Yes, because I go by how the lexicons properly define the word.
You have supplied zero lexical support for your position.
Fred, I do not despise the use of lexicons or any other research tool that better enables us to understand the scripture. My brother was a Greek professor for many years and I have nothing but respect for his level of expertise. However, that knowledge has not necessarily given him the insight of the Holy Spirit on some matters of doctrine. Just as the Pharisees were technical experts in their field, but that did not guarantee them the true sense of what they studied so intently.
You are proposing with your view that
immortality is an inherent feature of the human soul, and that even the wicked have immortality in the afterlife with their experience of eternal conscious torment.
Scripture says otherwise of the soul of mankind, ever since Creation. An endless life of both soul and body was
conditional for the originally-sinless couple from the very beginning, dependent upon their continued fellowship with their holy, immortal Creator, symbolized by the Tree of Life in the Garden. The moment that fellowship was lost in a single act of disobedience, death of their souls followed (resulting in a physical death sentence for their bodies also).
Christ Jesus the King of kings and Lord of lords
alone has immortality, according to 1 Timothy 6:16. The only way that humanity can have immortality of body and soul is by connection with Christ Jesus and
His inherent immortality. Those who are "IN Christ" while in this life have been given eternal life of the soul ("And I give unto them eternal life, and they shall never perish"). In the bodily resurrection, these who already have been given eternal life of the soul while in this life will also be given immortality of their bodies as well in a changed condition of incorruptibility that will never die again after the resurrection.

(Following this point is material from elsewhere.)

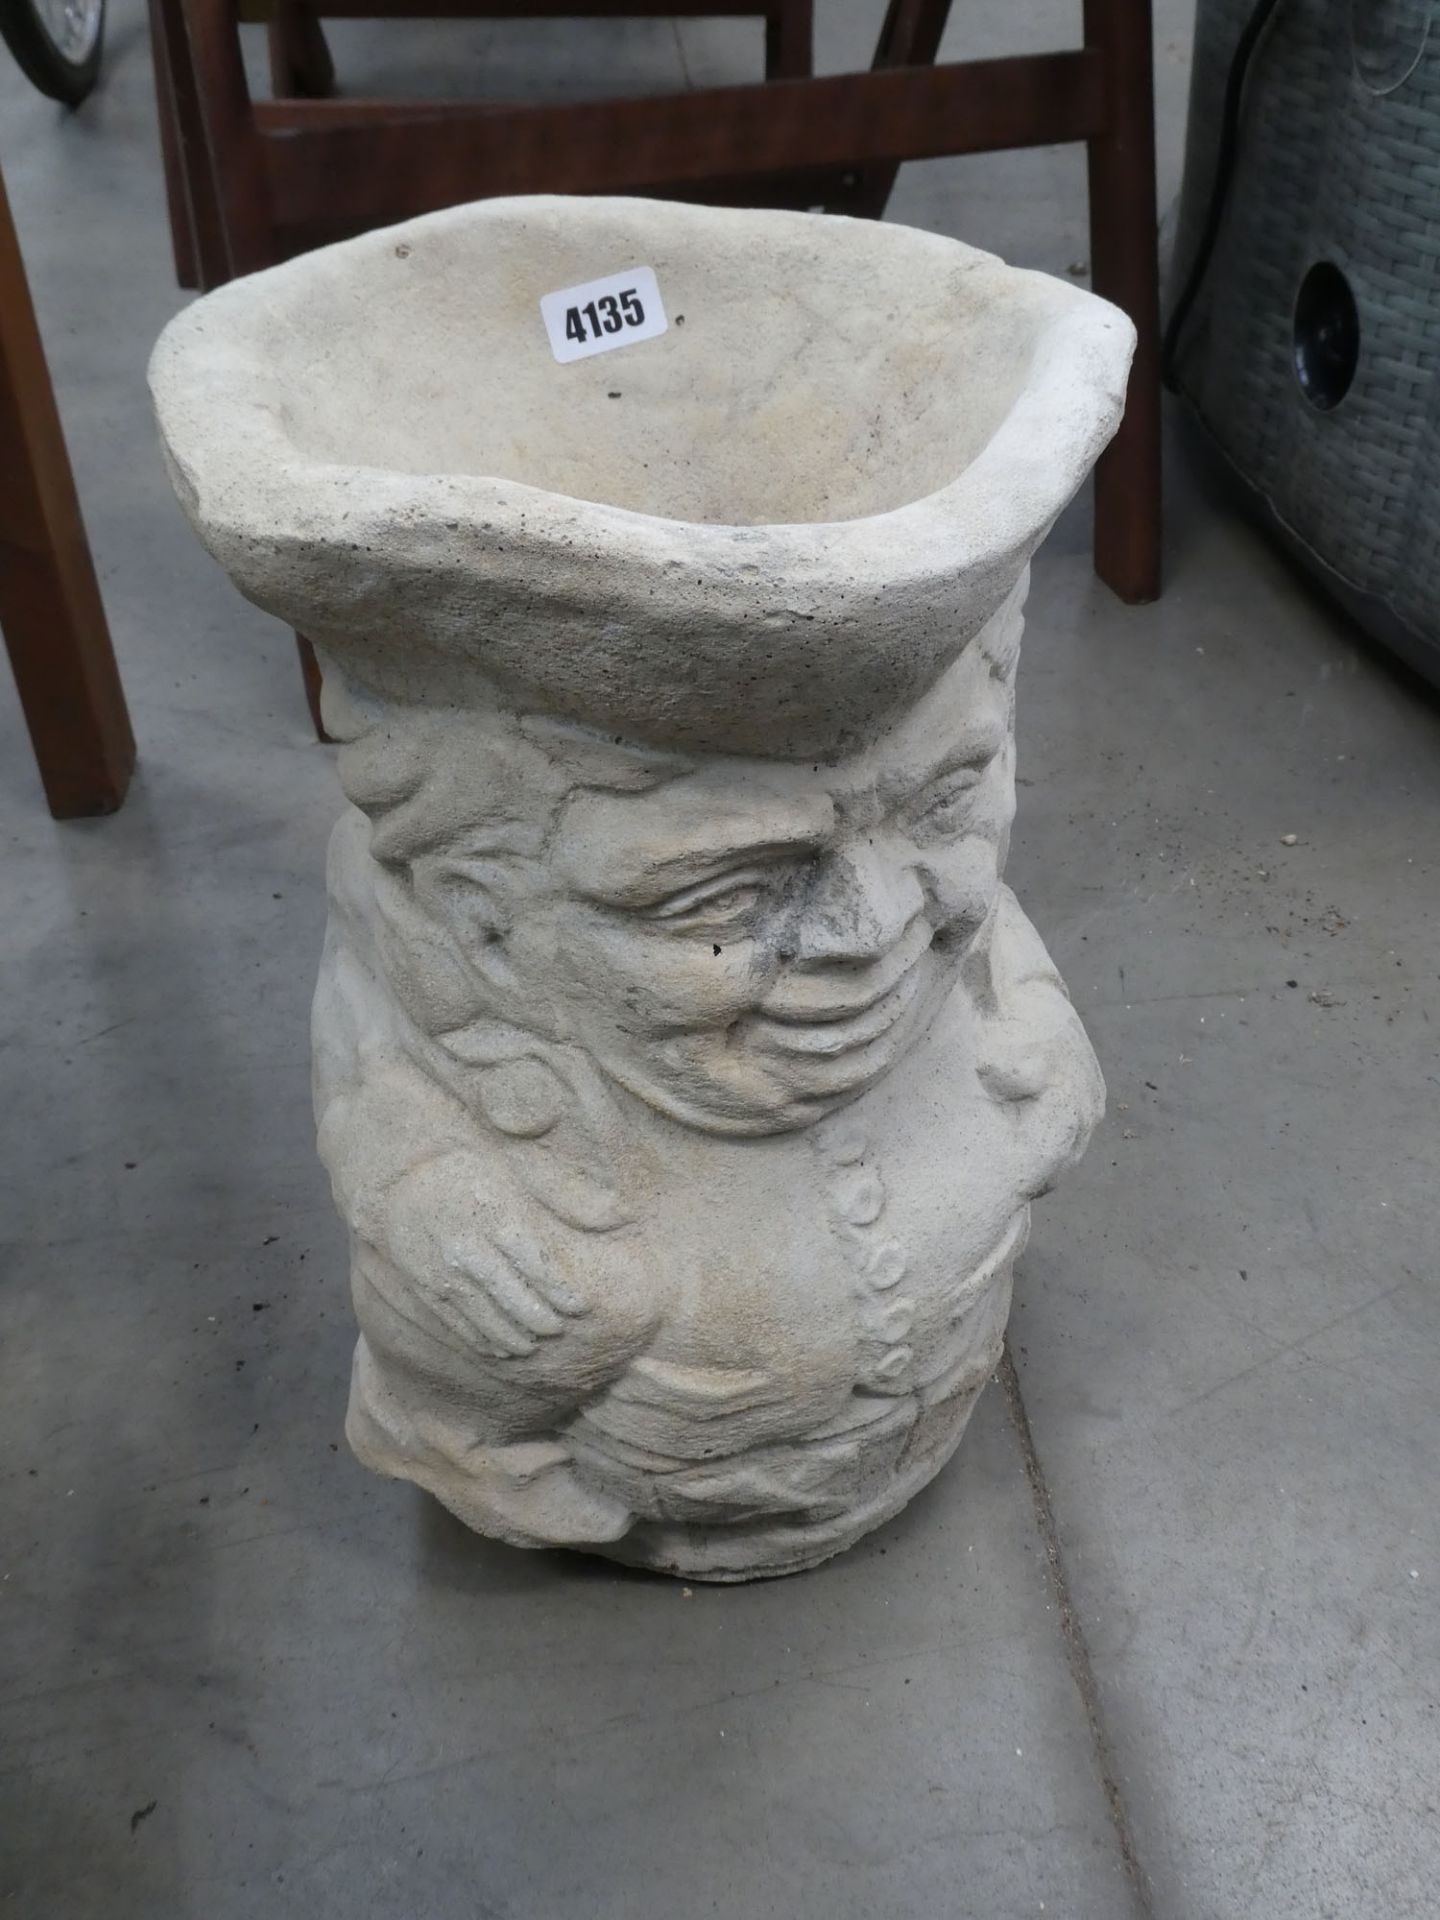 Toby jug style concrete pot

The wicked have no such connection with being "IN Christ", and so do not have that immortality of either body or soul. We are to fear Him who has power to destroy (
"apolesai") both body and soul in Gehenna (Matthew 10:28). THIS is presented as the ultimate fearful threat for humanity - not eternal conscious torment in this passage.
If God predicted the fiery death of the ultimate evil character of Satan the anointed cherub in Ezekiel 28:18-19, telling him that "
never shalt thou exist anymore" after he is burned to ashes upon the earth, then why do you think that the wicked dead of humanity are not to share this same fate? After all, the angels as originally created were "greater in power and might" than humanity, so if the wicked angels such as Satan were to be burned to ashes upon the earth, it is not beyond God's abilities to destroy the wicked dead of humanity as well, both body and soul.
Also, if you suppose that the wicked dead are to experience eternal conscious torment, then how do you explain Isaiah 26:13-19? In this passage, the wicked dead are contrasted with the righteous dead who belong to God. For the wicked dead, Isaiah says,
"They are dead, they shall not live; they are deceased, they shall not rise: therefore hast thou visited and
destroyed them, and made all their memory
to perish."
In contrast to these wicked dead who "shall not rise", Isaiah says of the righteous dead, "
Thy dead men shall live, together with my dead body shall they arise. Awake and sing, ye that dwell in dust: for thy dew is as the dew of herbs, and
the earth shall cast out the dead."
This Isaiah passage informs us that the bodies of the wicked dead are
never to rise from dwelling in the dust of the grave, in direct contrast to the bodies of those that belong to God, which
do arise from dwelling in the dust of the grave. If you deny the one fact, you deny the other. This is not just an OT reality that did not transfer to the NT.